The United States Releases Blueprint for Quantum Internet

The US Department of Energy released the Quantum Internet blueprint at a press conference held at the University of Chicago last Thursday. If all goes well, the quantum internet will be built within 10 years.

The United States hopes to develop a quantum Internet to achieve safer communications and advance scientific research in fields such as gravity wave detection. The published 38-page paper outlines its key goals and the research challenges that need to be solved before realizing the concept. The main research goals include building quantum Internet equipment, developing routing technology, and finding correcting the spread of qubits across quantum networks when the data error occurs.

The quantum Internet proposed by DOE is a network that transmits data in the form of qubits instead of traditional bits.
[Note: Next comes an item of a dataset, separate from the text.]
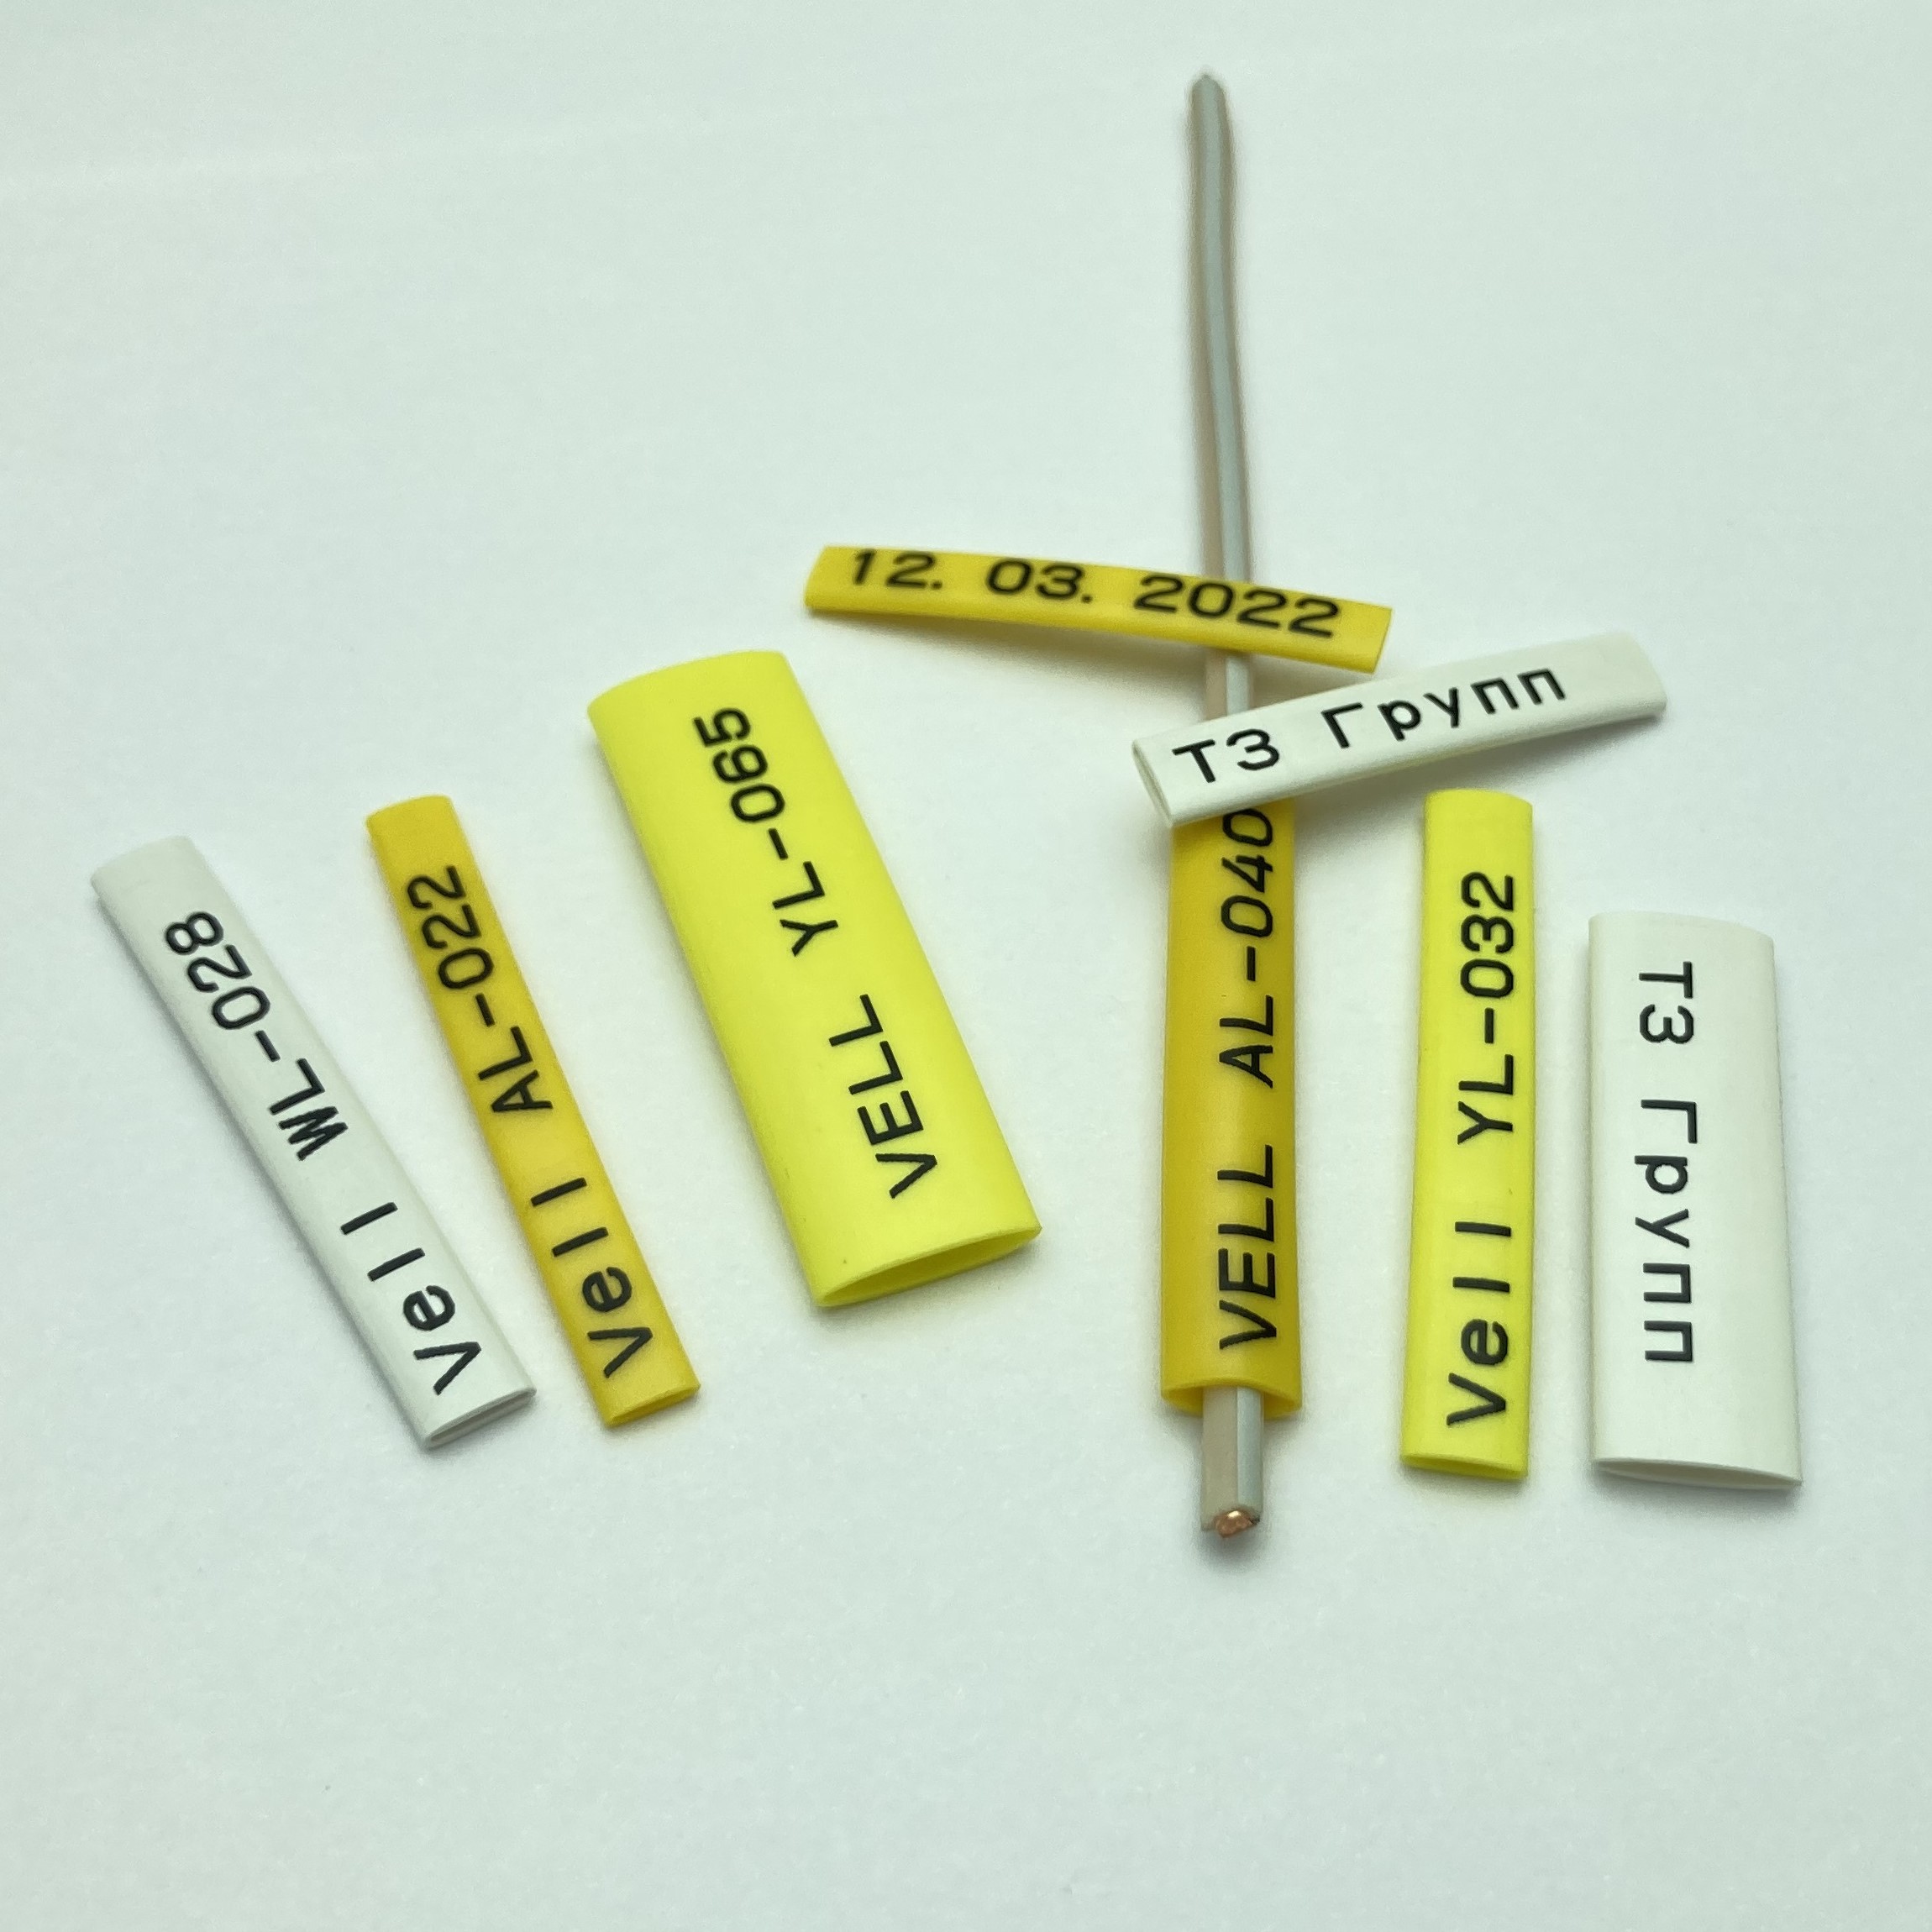 Фото Профиль ПВХ овальный Vell AL-032 для маркировки проводов, Ø 3,2 мм, 200 метров, янтарно-желтый, аналог Partex PO-05 (самозатухающий) {590395} (3)
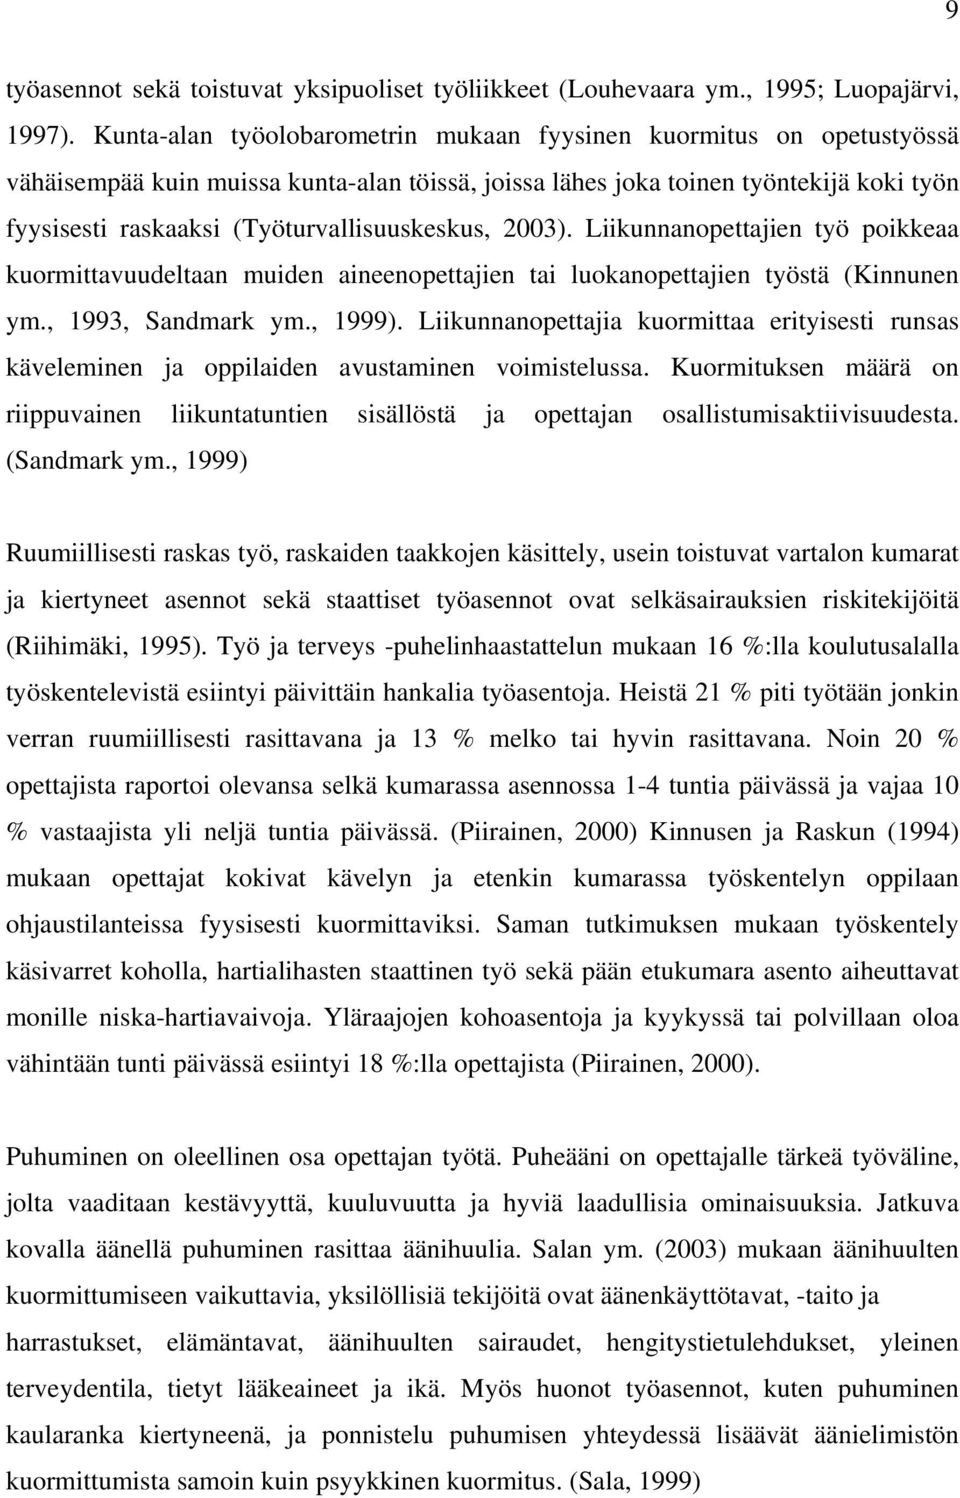 (Työturvallisuuskeskus, 2003). Liikunnanopettajien työ poikkeaa kuormittavuudeltaan muiden aineenopettajien tai luokanopettajien työstä (Kinnunen ym., 1993, Sandmark ym., 1999).

The quantum properties of subatomic particles not only help to build complex non-classical computers but also theoretically help to create a new type of network. Paul Dabbar, DOE’s Deputy Minister of Science, said: “One day, the Quantum Internet will be transformed into a complete second Internet, the Internet parallel to the digital Internet.” A major advantage of quantum networks is their security, which is generally considered “unbreakable.”

According to the announcement, the U.S. Department of Energy will work with universities and industry researchers to plan to build a functional quantum internet within ten years. At present, researchers at the University of Chicago and a laboratory of the U.S. Department of Energy have established a 52-mile prototype quantum Internet, which recently successfully completed the first experiment.

High hopes are placed on the development plan. Early users of quantum Internet may include financial and healthcare industries, as well as national security applications and aviation communications. In the future, quantum Internet may be used to power ultra-precise quantum sensor clusters to detect gravitational waves.